A look at the Raspberry Pi Imager (Boot in headless mode)

Published on: August 19, 2020

Welcome to the 17th Raspberry Pi tutorial! My first Raspberry Pi tutorial was showing you how to use Etcher to load Raspbian on a MicroSD Card and boot your Pi and then how to connect in Headless mode. 

Since that video in November 2018, Raspberry Pi has come out with their own imager. They call it the Raspberry Pi Imager and it's wonderful! Not only does it have every type of Raspberry Pi OS (they moved away from calling it Raspbian) but it also includes software like RetroPie! 

Download Raspberry Pi Imager

Get the latest version of Raspberry Pi Imager here: https://www.raspberrypi.org/downloads/

This video can be seen as an update to the first video. I also show you how to connect to your Pi in headless mode. 

Booting your Pi with Raspberry Pi OS is easy. Once you install the Raspberry Pi Imager, run it, click on Choose OS, Pick "Raspberry Pi (other)" and select "Raspberry Pi OS Lite". This will install Pi without a desktop environment. 

Enable SSH

It takes a couple of minutes for the SD card to be flashed. Once it's done, remove your SD Card and plug it back in! This should make it appear on your drives list as "Boot". In my video, the SD card appeared as "Removable Disk" - I'm not sure if this is a side effect of the Pi Imager or if it's just my computer (let me know in the comments!). 

Open the drive and create a new blank file called ssh. It should not have any kind of extension, it should just be a simple file titled 'ssh'. 

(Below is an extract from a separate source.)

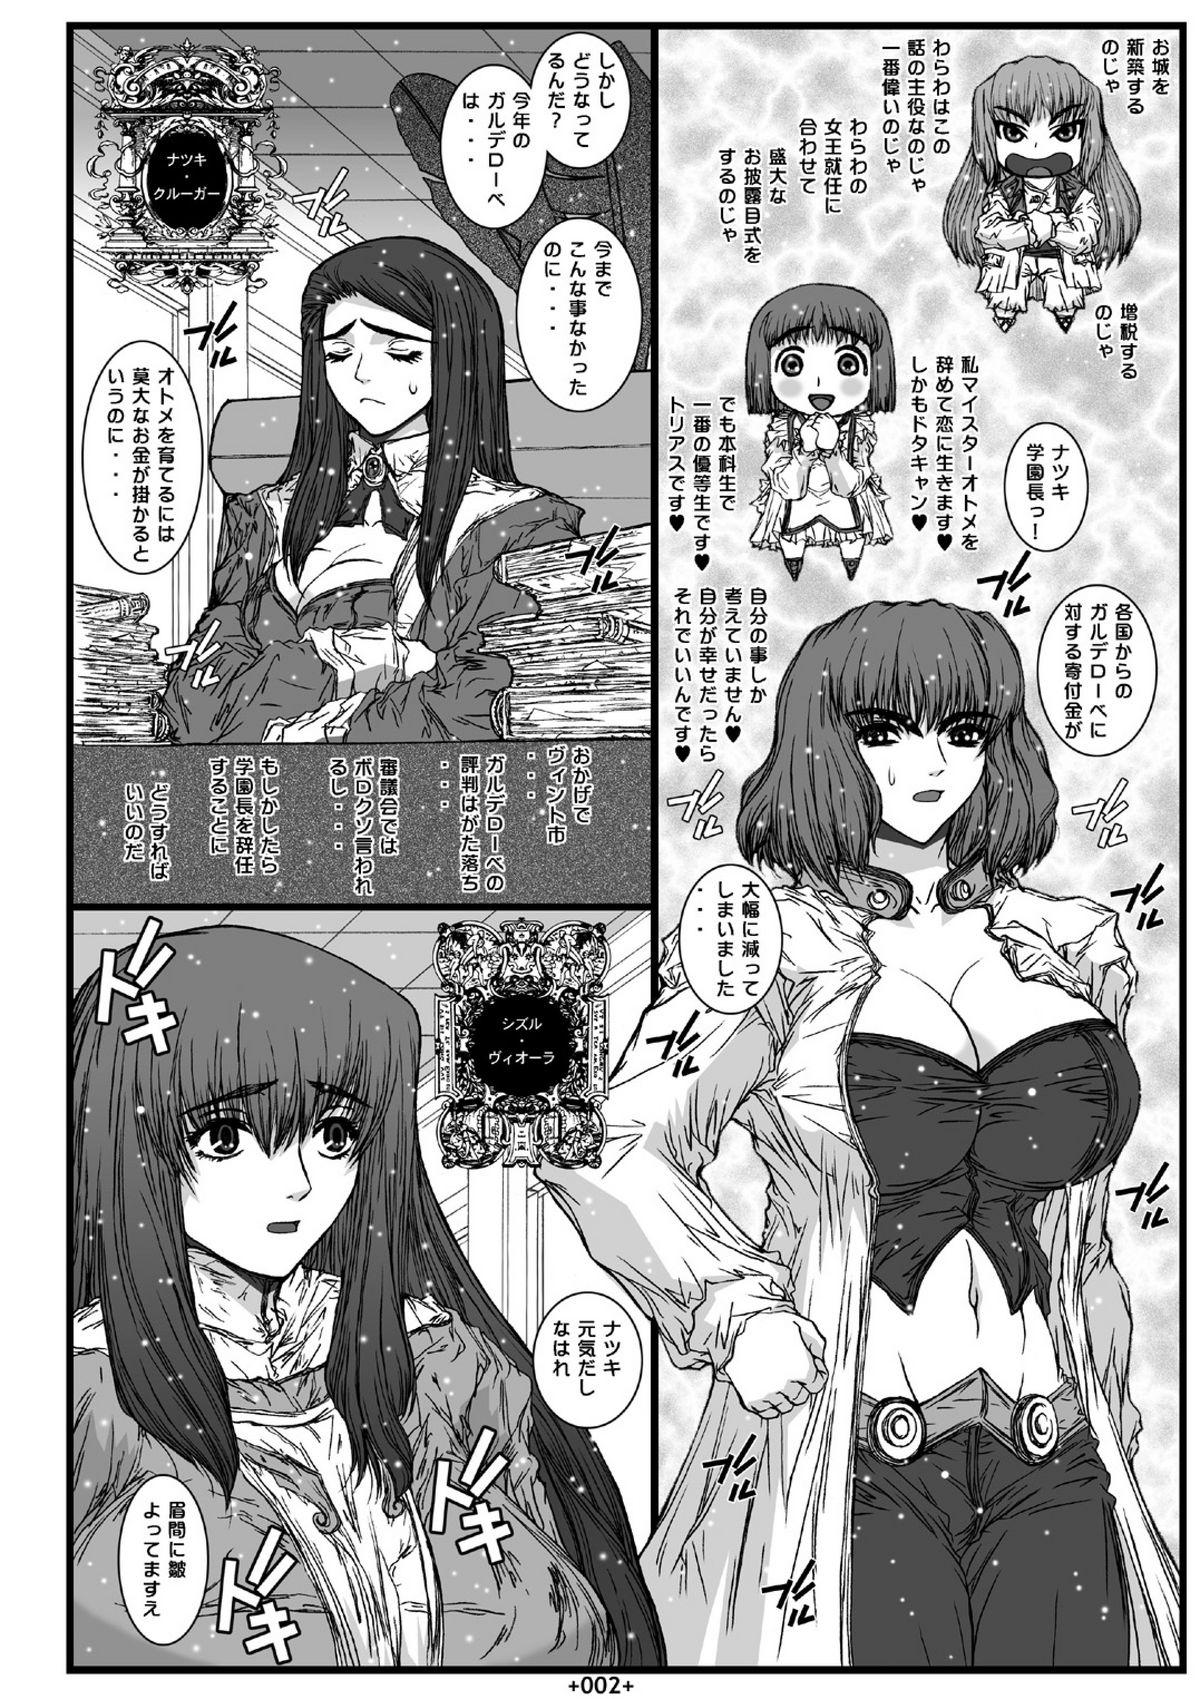 Orgy Mai-In 2 - Mai-otome Girls - Page 4
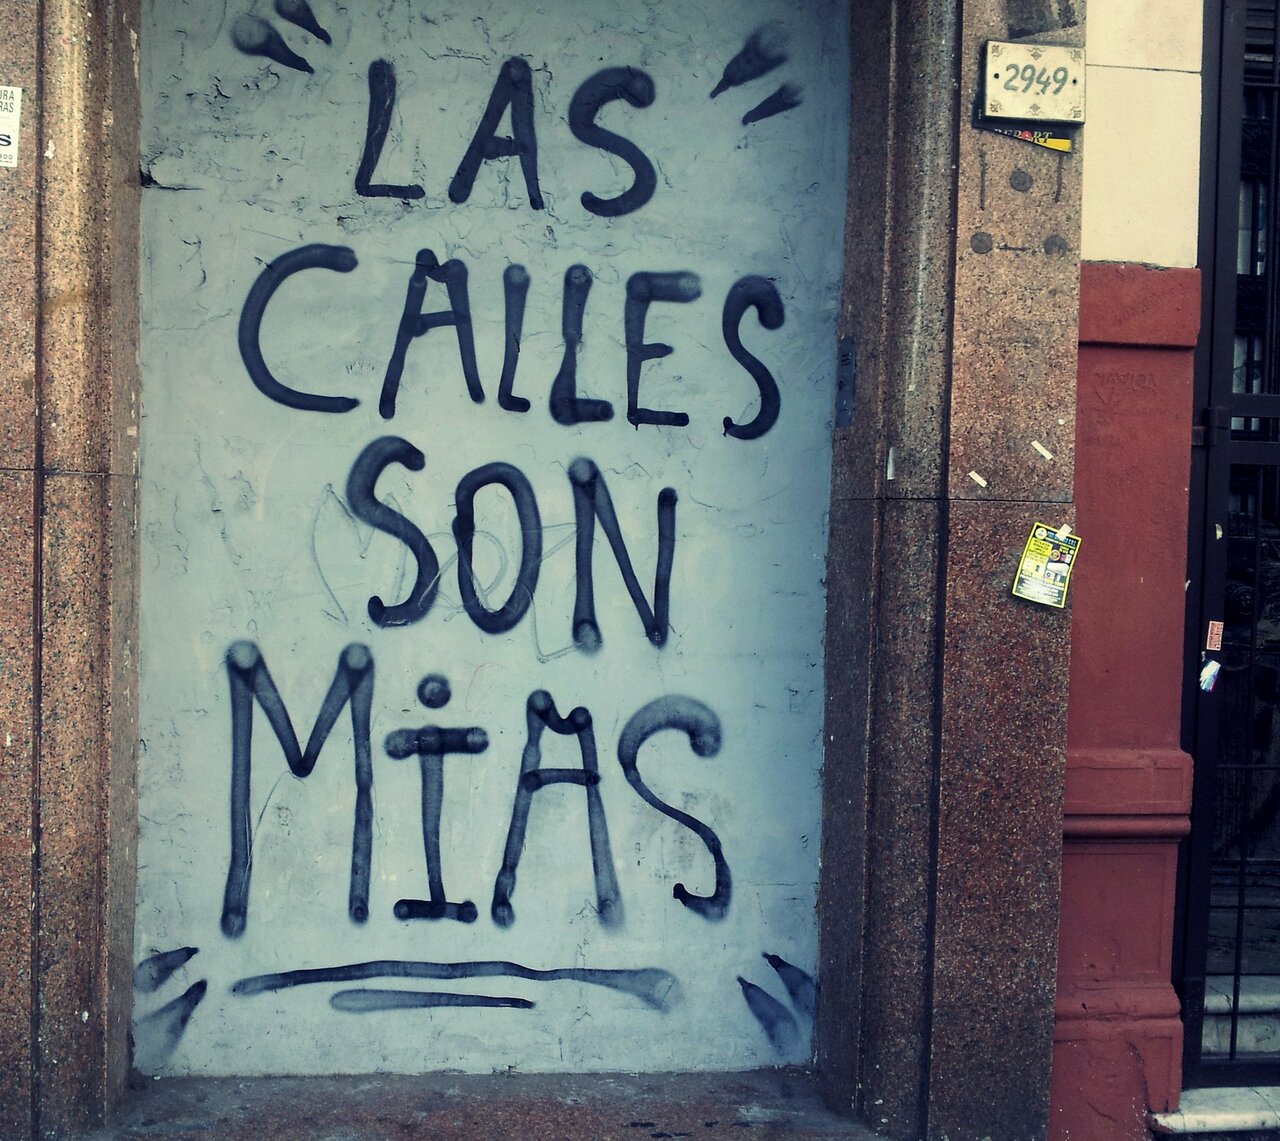 RT @patriciadamiano: Las calles son míasVisto en Baires http://factorfotos.blogspot.com/2016/11/las-calles-son-mias.html#graffiti https://t.co/TlBySgYddC

The ssh will let your Pi know to open port 22 and enable SSH access to your Pi. 

Setting Up WiFi

If you have a Wired connection, you can skip these steps. But if you want to connect your Pi wirelessly, follow these steps. Then create a new file called wpa_supplicant.conf which will contain your WiFi information. The contents of that file will look like this:

    ctrl_interface=DIR=/var/run/wpa_supplicant GROUP=netdev

	ssid="Your WIFI Name"

Update your ssd and psk with the values for your router. Put the SD card back in and turn on your Pi. 

Someone reminded me that you can try to connect to the Pi using the hostname. By default the hostname is raspberrypi. Use that to connect using PuTTY or your favorite SSH client. Your router will need to support this kind of DNS set up AND you shouldn't have any other Pis using that hostname, otherwise you may not connect to the correct device (or be able to connect at all). 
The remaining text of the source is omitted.